As one of the World Health Organization’s most essential medications, hydralazine entered the market 70 years ago to treat high blood pressure and preeclampsia, a pregnancy-related blood pressure condition that causes around 10 percent of maternal deaths worldwide, according to the World Health Organization.

Despite its success, researchers didn’t really know how hydralazine worked its magic — and it’s not alone. Prior to the 1980s, many drugs were approved solely based on clinical observation, and only later did scientists “try to explain the biology behind it,” said Kyosuke Shishikura, a physician-scientist at the University of Pennsylvania, in a press statement.

In their study, the research team finally identified what hydralazine targets at the molecular level. They found that it blocks an oxygen-sensing enzyme called 2-aminoethanethiol dioxygenase (ADO), which normally signals blood vessels to constrict depending on oxygen levels, causing blood pressure to rise.

Hydralazine Stops Aggressive Brain Cancer From Growing

But how does brain cancer come into play? Cancer researchers have long suspected that ADO plays an important role in one of the most aggressive forms of brain cancer, glioblastoma, because of its low-oxygen environment. ADO levels seem to rise the more aggressive the tumor becomes, but no effective ADO inhibitor has been known to confirm the theory.

Using a high-resolution imaging technique called X-ray crystallography, biochemists from the University of Texas were able to show that hydralazine interacts with ADO, leading to further tests on brain cancer cells. In vitro, hydralazine treatment caused tumor cells to enter senescence — a dormant state where cells stop growing. Compared to chemotherapy, this approach works more selectively, potentially causing fewer side effects.

Improving an Old Cardiovascular Drug

Finally, having the biochemical mechanism uncovered doesn’t just benefit new treatment options but also allows researchers to fine-tune hydralazine for its original use: treating high blood pressure.

“Understanding how hydralazine works at the molecular level offers a path toward safer, more selective treatments for pregnancy-related hypertension — potentially improving outcomes for patients who are at greatest risk,” explained Shishikura.

Discoveries like this inspire scientists to reconsider long-established treatments that might have surprising therapeutic potential for other medical challenges. The next steps are refining the chemistry to design safer, more specific, and effective ADO inhibitors that can cross the blood-brain barrier to reach their target.
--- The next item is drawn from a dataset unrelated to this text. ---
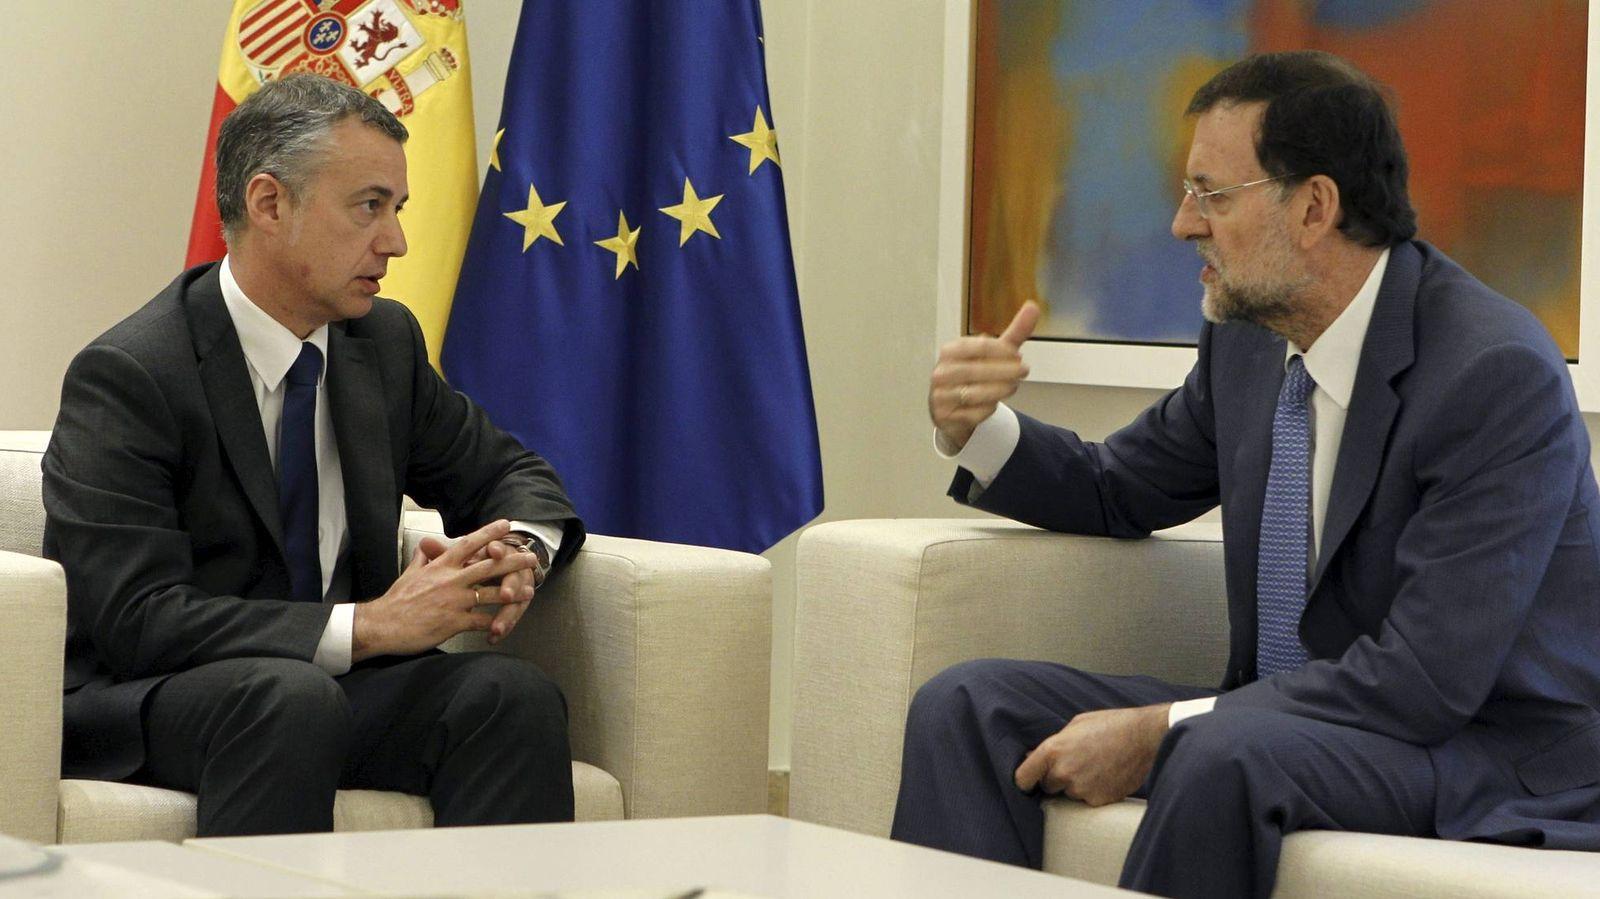 Foto: Íñogo Urkullu y Mariano Rajoy, durante la reunión mantenida por ambos en La Moncloa en 2012. (EFE)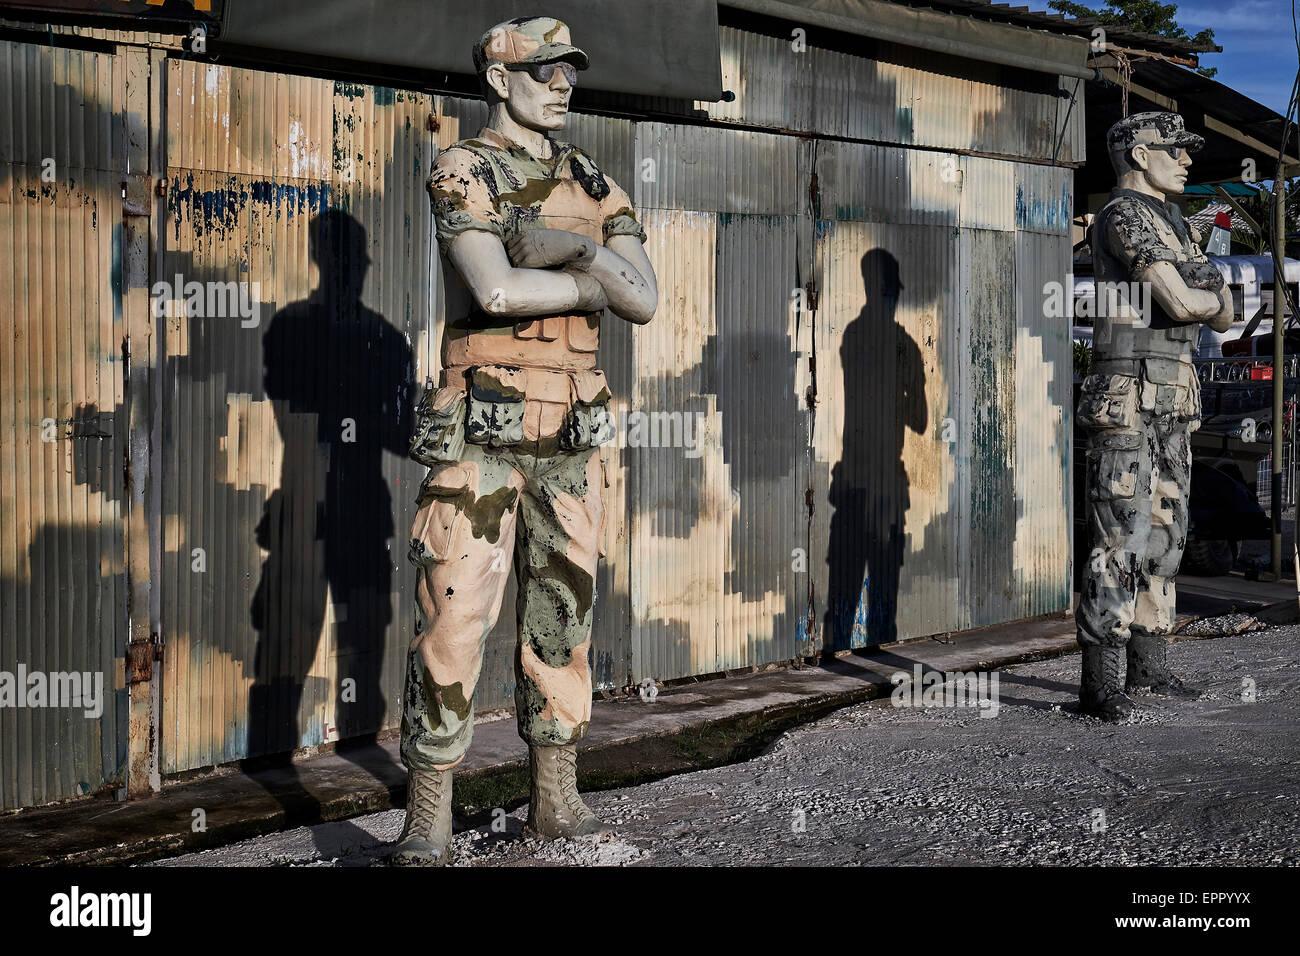 Statuen von einer amerikanischen Special Forces Soldaten am Eingang ein Ausstellungsort des 2. Weltkrieges. Pattaya Stockbild

“It’s rare that an old cardiovascular drug ends up teaching us something new about the brain,” said study co-author Megan Matthews, assistant professor at the University of Pennsylvania, in the news release, “but that’s exactly what we’re hoping to find more of — unusual links that could spell new solutions.”

This article is not offering medical advice and should be used for informational purposes only.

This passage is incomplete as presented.